Tidy Data - Project 2 part 2 - UNICEF

Jeff Shamp

2020-03-08

Using tidyr, dplyr, ggplot2, stringr, RCurl

Tidy Data

I will be using the data source from Sam Bellows regarding UNICEF child mortality rates

Load Data

Looking at the initial state of the data.

u<-getURL(
"https://raw.githubusercontent.com/Shampjeff/cuny_msds/master/DATA_607/data/unicef-u5mr.csv")
df_unicef<-read.csv(text=u, stringsAsFactors = F)

Unicef Childhood Morality Data

Child death rates by country since 1950.

DT::datatable(df_unicef[1:5,1:4], 
         extensions = c('FixedColumns',"FixedHeader"),
          options = list(scrollX = TRUE, 
                         paging=TRUE,
                         fixedHeader=TRUE))

We can pivot this to a longer format with only three columns; country, year, mortality rate.

df_unicef %<>%
  pivot_longer(-CountryName,                    # reshape columns to rows
               names_to = "Year", 
               values_to = "Mortality_Rate") %>%
  mutate(Year = str_remove_all(Year,           # Remove letters from year
                               "[U5MR]*[.]")) %>%
  rename(Country_Name = CountryName) %>%
  mutate_at(.vars = vars(Year),                 # change data type
            .funs = as.integer)

DT::datatable(df_unicef, 
         extensions = c('FixedColumns',"FixedHeader"),
          options = list(scrollX = TRUE, 
                         paging=TRUE,
                         fixedHeader=TRUE))

Phew, that turned out pretty easy.

Analysis

This dataset alone cannot support any causal inferences, so we cannot, from this data only make the claim of why child mortality rates have gone up or down, but we can inspect the data for trends or heuristics in context of a couuntries history.

There was no analysis task written in the discussion post, so I’ll look into a few questions that I have.
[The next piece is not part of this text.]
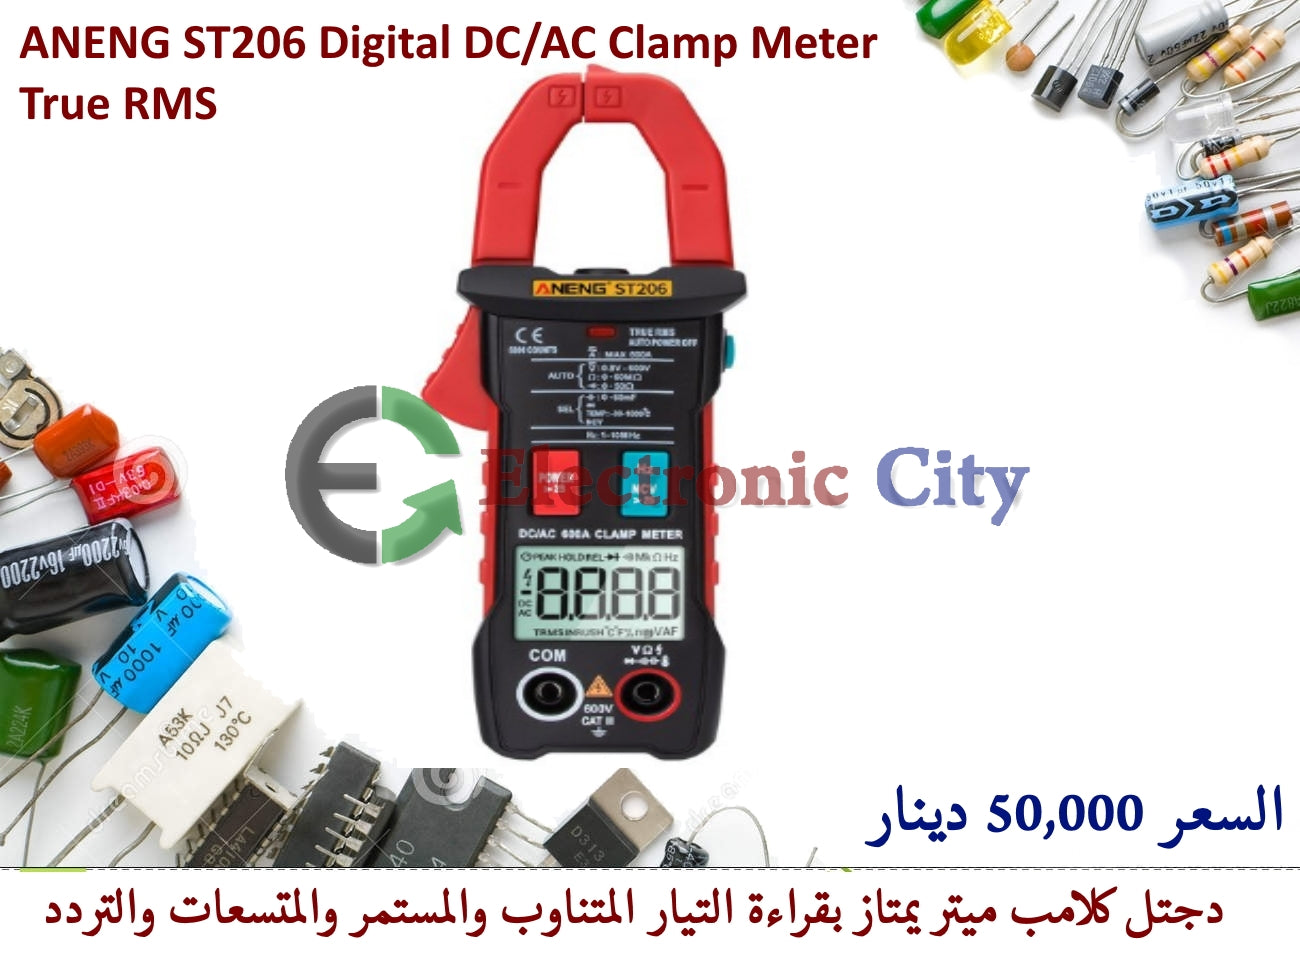 ANENG ST206 Digital DC/AC Current Clamp Meter True RMS

Let’s look at Afghanistan. I would interested to know if the child morality rate changed noticably during the Soviet incursion in the 1980s or the US incursion in the 2000s.

df_unicef %>%
  filter(Country_Name == "Afghanistan") %>%
  ggplot() +
    geom_point(aes(x=Year, y=Mortality_Rate), na.rm = T)

Nope. It has only gotten better over time despite near constant war.
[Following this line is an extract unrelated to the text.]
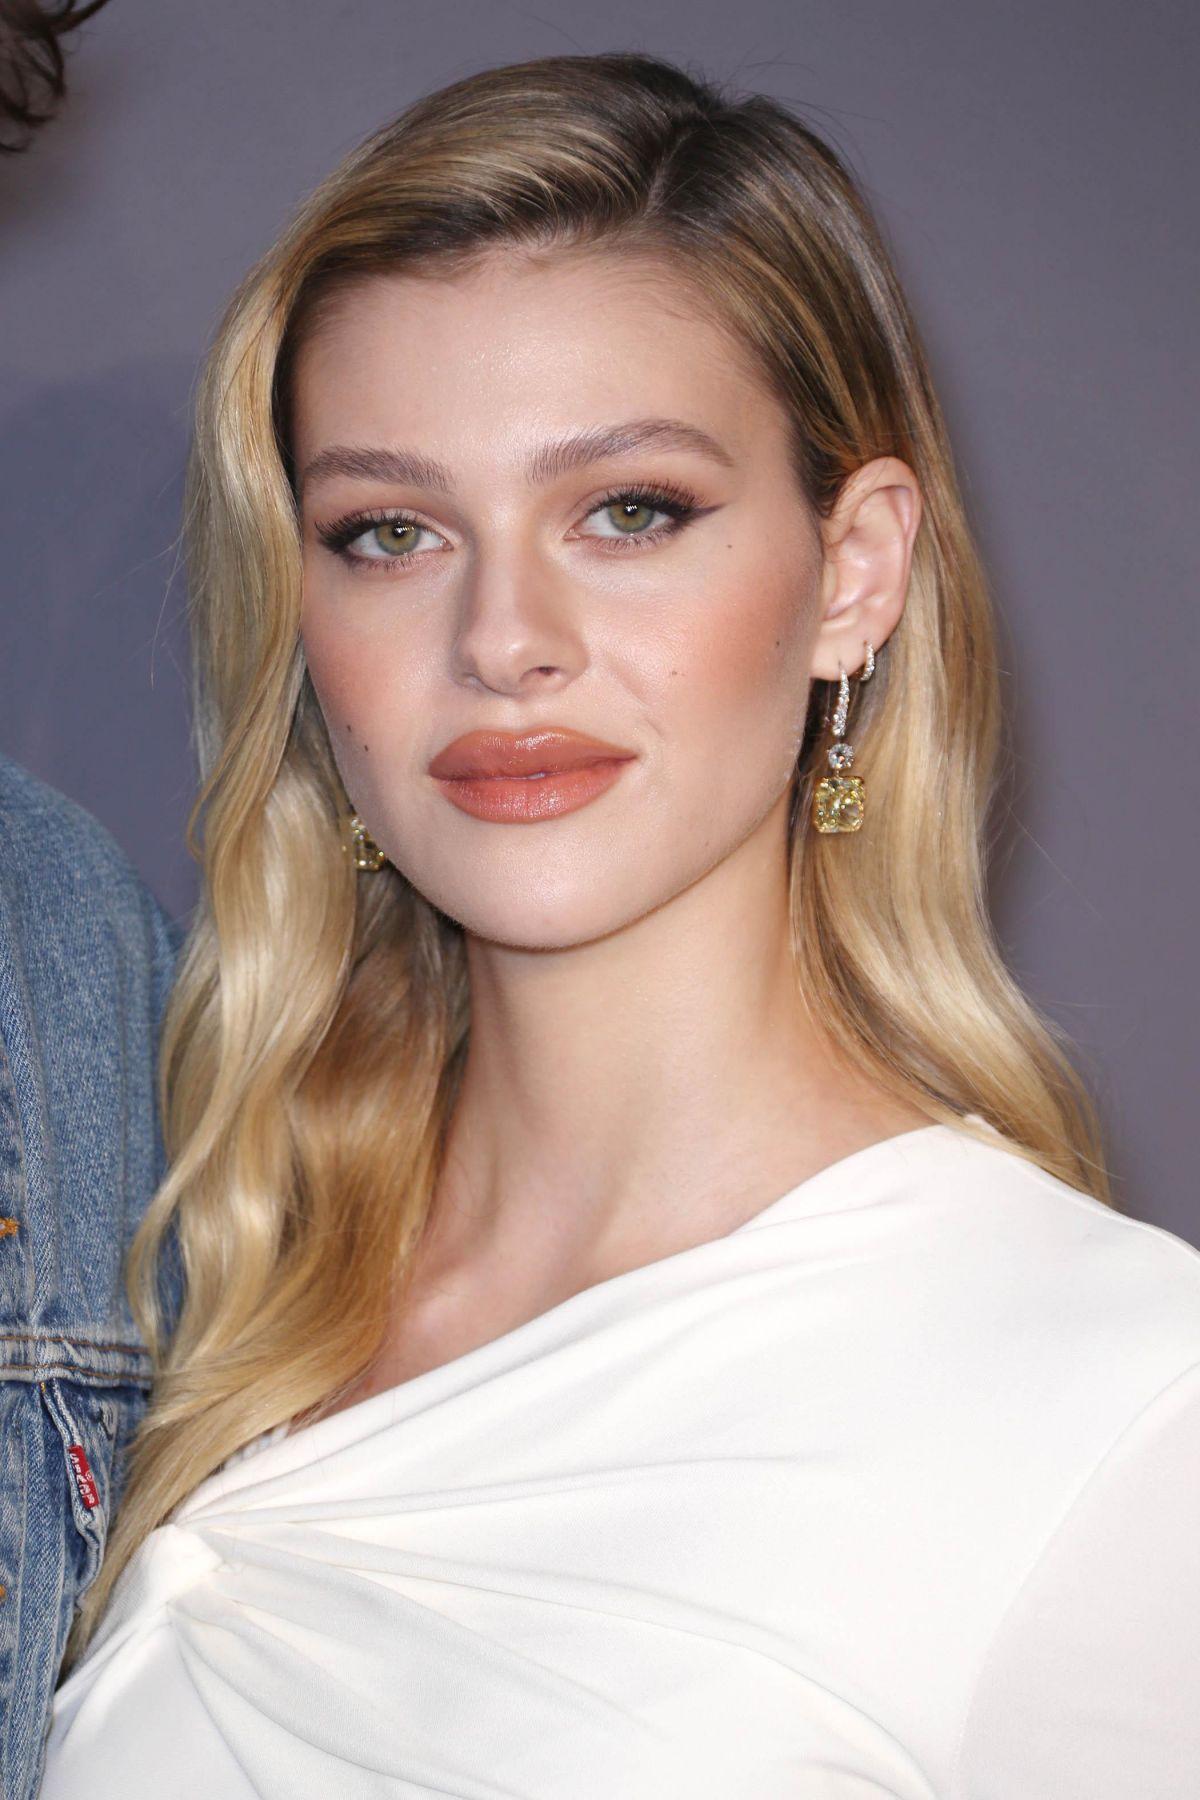 55 Hot Pictures Of Nicola Peltz Will Drive You Insane For Her 236

Let’s see if the same is true for other countries that the US has been involved with extensively in since 1960. These would be Vietnam, Iraq, and Syria. I’ll also add the US child mortality rate as a baseline for comparison.

df_unicef %>%
  filter(Country_Name == c("Afghanistan", 
                           "Vietnam",
                           "Iraq",
                           "Syria",
                           "United States of America")) %>%
  ggplot() +
    geom_line(aes(x=Year, y=Mortality_Rate, col = Country_Name), na.rm = T)

Everyone just continues to imporve over time, though it seems harder once under a value of 50. Interestingly, Iraq and Syria seem to display an exponential drop in child morality rates.
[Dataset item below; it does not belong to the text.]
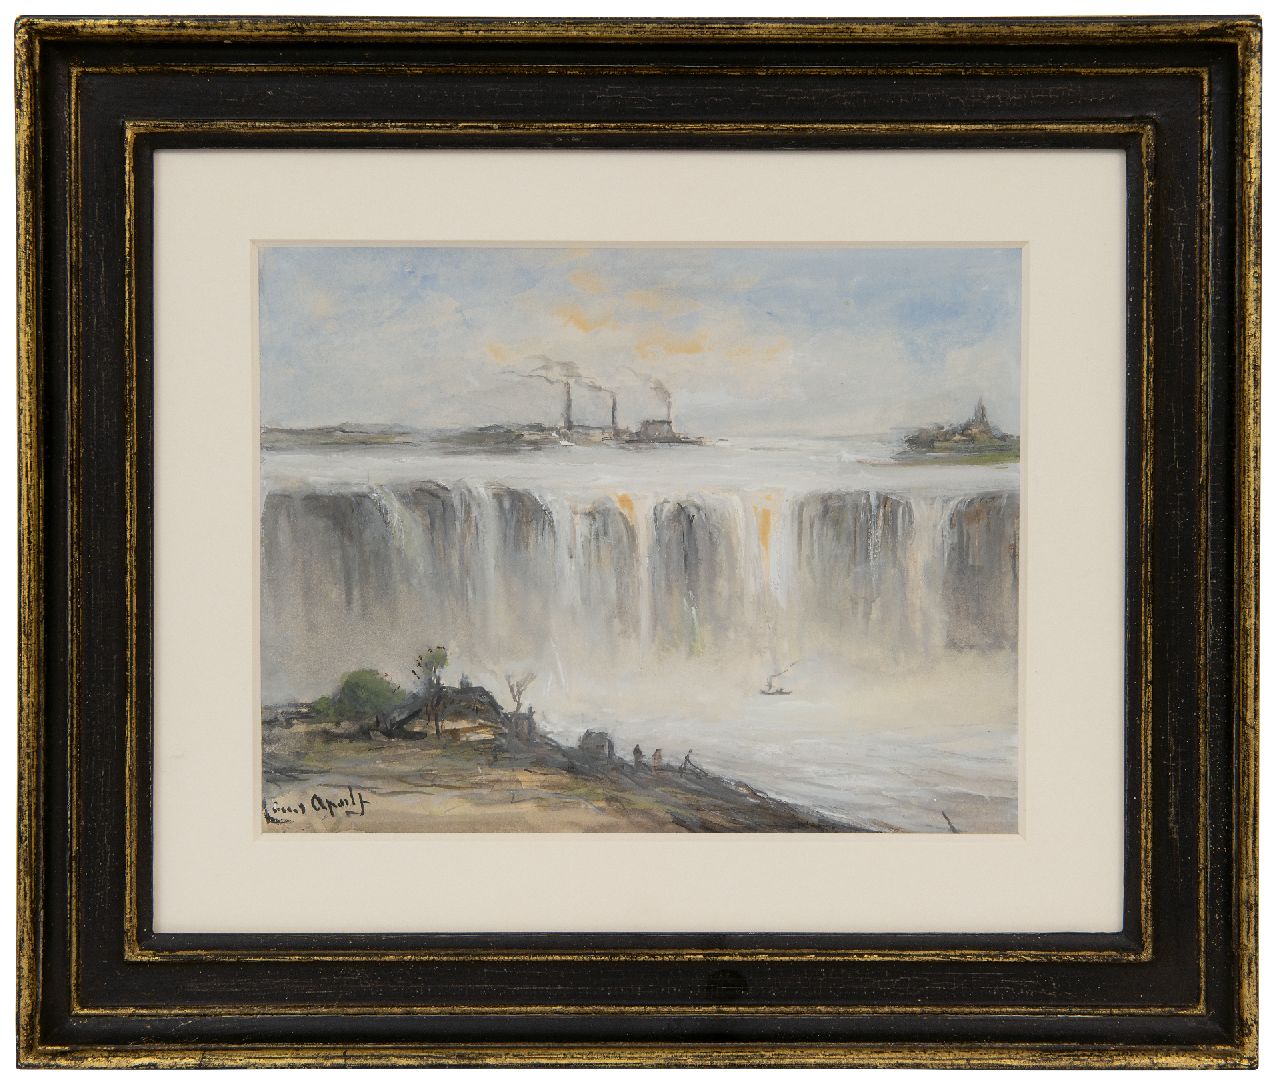 Apol L.F.H.  | Lodewijk Franciscus Hendrik 'Louis' Apol | Watercolours and drawings offered for sale | The Niagara falls, watercolour and gouache on paper 15.0 x 19.8 cm, signed l.l. and dated 1895 on the reverse

What about countries that have experienced long and painful dirty wars or large scale organized crime - do they see similar drops in child mortality?

df_unicef %>%
  filter(Country_Name == c("Colombia", 
                           "Mexico",
                           "Argentina",
                           "Peru",
                           "Honduras")) %>%
  ggplot() +
    geom_line(aes(x=Year, y=Mortality_Rate, col = Country_Name), na.rm = T)

Again, massive gains in terms of improving child wellness in spite of serious societial level clamities. Let’s see if we can find countries with an increase in childhood mortality and see if there is some kind of explanation.

df_unicef %>%
  filter(Country_Name == c("Somalia", 
                           "Uganda",
                           "Kenya", 
                           "Sudan", 
                           "Rwanda",
                           "South Africa")) %>%
  ggplot() +
    geom_line(aes(x=Year, y=Mortality_Rate, col = Country_Name), na.rm = T)

Here we see the first two countries with increases in childhood mortality; Uganda, Kenya, and Rwanda. The increase in mortality in Uganda and Kenya both align the rise of brutal dictorships in these two countries. Idi Amin came to power by coup in Uganda in 1971 and was overthrown himself in 1980. Similarly, Daniel Moi came to power in 1978 in Kenya and by 1986 had transformed Kenya’s government into a de facto ethnostate where only his ethic group had access to services and opportunity. Rwanda is more complicated. the first spike is the time period directly after Rwanda gained independence and was mared by colonial era ethic hatred. The second spike was the Rwandan genocide that started in 1994. The genocide was once again fueled by colonial era hatred. South Africa saw an increase in childhood morality post-apartheid and the massive cultural shifts that came with end of apartheid. I am genuinely shocked that Somalia did not have an increase in childhood morality in the early nineties due to a combination of war, famine, and drought. It should be noted that these countries are making progress, but it seems to be much harder or slower to make progress relative to the rest of the world.